Aquel día, Naoko habló mucho, cosa infrecuente en ella. Me habló de su infancia, de su escuela, de su familia. Cada relato era muy largo. Largo y detallado hasta la exageración. En un momento determinado, la historia A derivaba hacia la historia B, que ya estaba contenida en la historia A; poco después, pasaba de la historia B a la historia C, implícita en la anterior, y así de manera indefinida. Sin que acabara jamás. Yo, al principio, asentía, pero pronto dejé de hacerlo. Puse un disco y, cuando éste acabó, levanté la aguja y pinché otro. Cuando los hube escuchado todos, volví a empezar por el primero. Al otro lado de la ventana seguía lloviendo. El tiempo transcurría despacio y ella continuaba hablando sola.
Cuando dieron las once, empecé a sentirme intranquilo. Ella llevaba ya más de cuatro horas hablando sin parar. Además, se acercaba la hora del último tren. No sabía qué hacer. Podía dejar que siguiera hablando cuanto quisiera o esperar el momento adecuado para interrumpirla. Dudé mucho, pero, al final, decidí cortarla. De todos modos, estaba hablando demasiado.
—Bueno, se ha hecho muy tarde y yo tendría que irme —dije—. Nos vemos pronto.
No sé si mis palabras llegaron a sus oídos. Ella enmudeció unos instantes, pero luego reanudó su discurso. Resignado, encendí un cigarrillo. Por lo visto, lo mejor era dejarla hablar tanto como quisiera. Después, ya me las apañaría.
Sin embargo, no siguió hablando por mucho tiempo. Antes de que me hubiera dado cuenta ya se había detenido. La última sílaba quedó suspendida en el aire, como desgajada. Para ser precisos, no terminó de hablar. Sus palabras se habían esfumado de repente en alguna parte. Intentó continuar, pero ya no quedaba nada. Algo se había perdido. Con la boca entreabierta, me clavó una mirada perdida. Sus ojos parecían estar cubiertos por un velo opaco. Me dio la sensación de haber cometido una maldad imperdonable.

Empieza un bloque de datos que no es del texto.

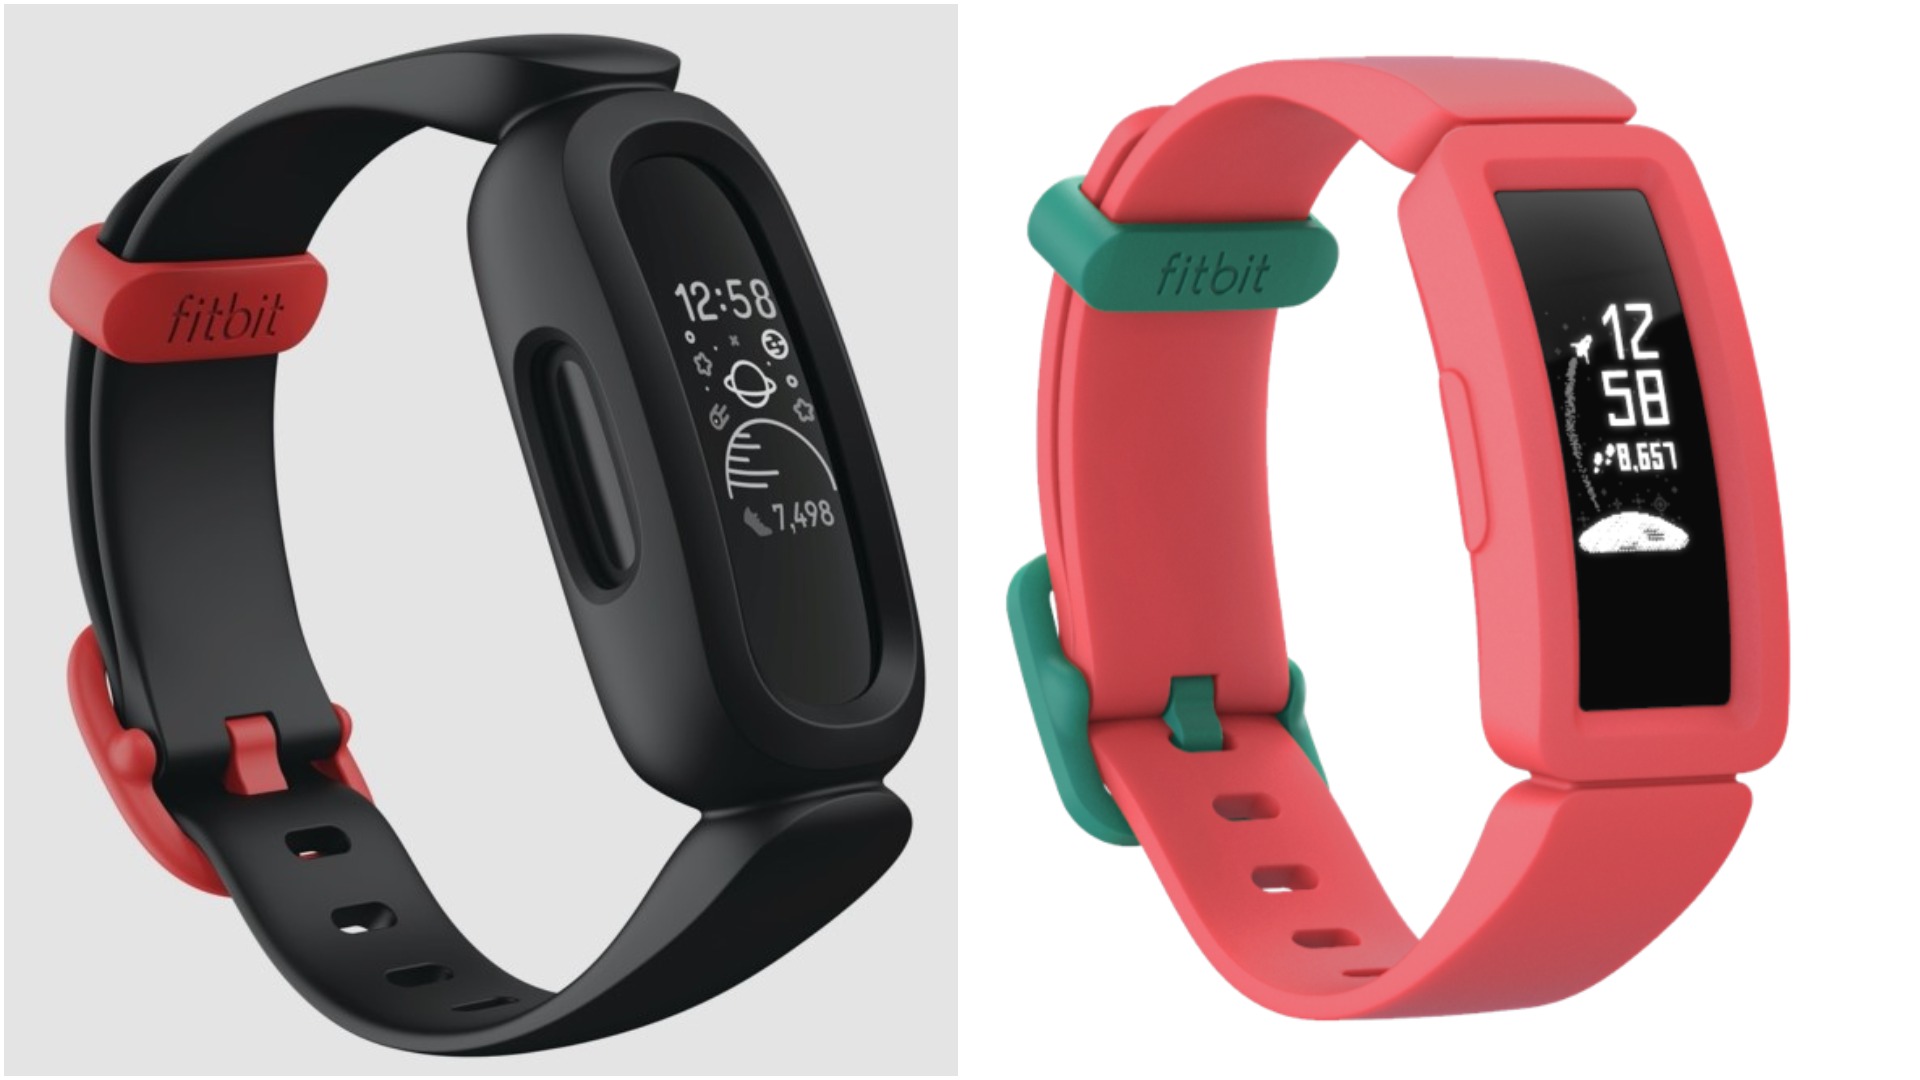 Fitbit Ace 3 vs Fitbit Ace 2: What's the difference? | Technology

—No tenía la intención de interrumpirte. Pero ya es tarde y, además…
Apenas había transcurrido un segundo, cuando las lágrimas afloraron a sus ojos, resbalaron por sus mejillas y empezaron a caer sonoramente sobre la funda del disco. En cuanto vertió la primera lágrima, el llanto fue imparable. Lloraba con las manos apoyadas en el suelo, como si estuviera vomitando. Alargué la mano y le toqué el hombro. Éste se agitaba sacudido por pequeñas convulsiones. En un gesto casi reflejo la atraje hacia mí. Continuó llorando en silencio entre mis brazos. Mi camisa quedó empapada de su aliento cálido y de sus lágrimas. Los diez dedos de Naoko recorrían mi espalda como si buscaran algo. Mientras sostenía su cuerpo con la mano izquierda, le acariciaba su fino cabello con la derecha. Permanecí así mucho rato, esperando a que el llanto cesara. Pero ella no dejó de llorar.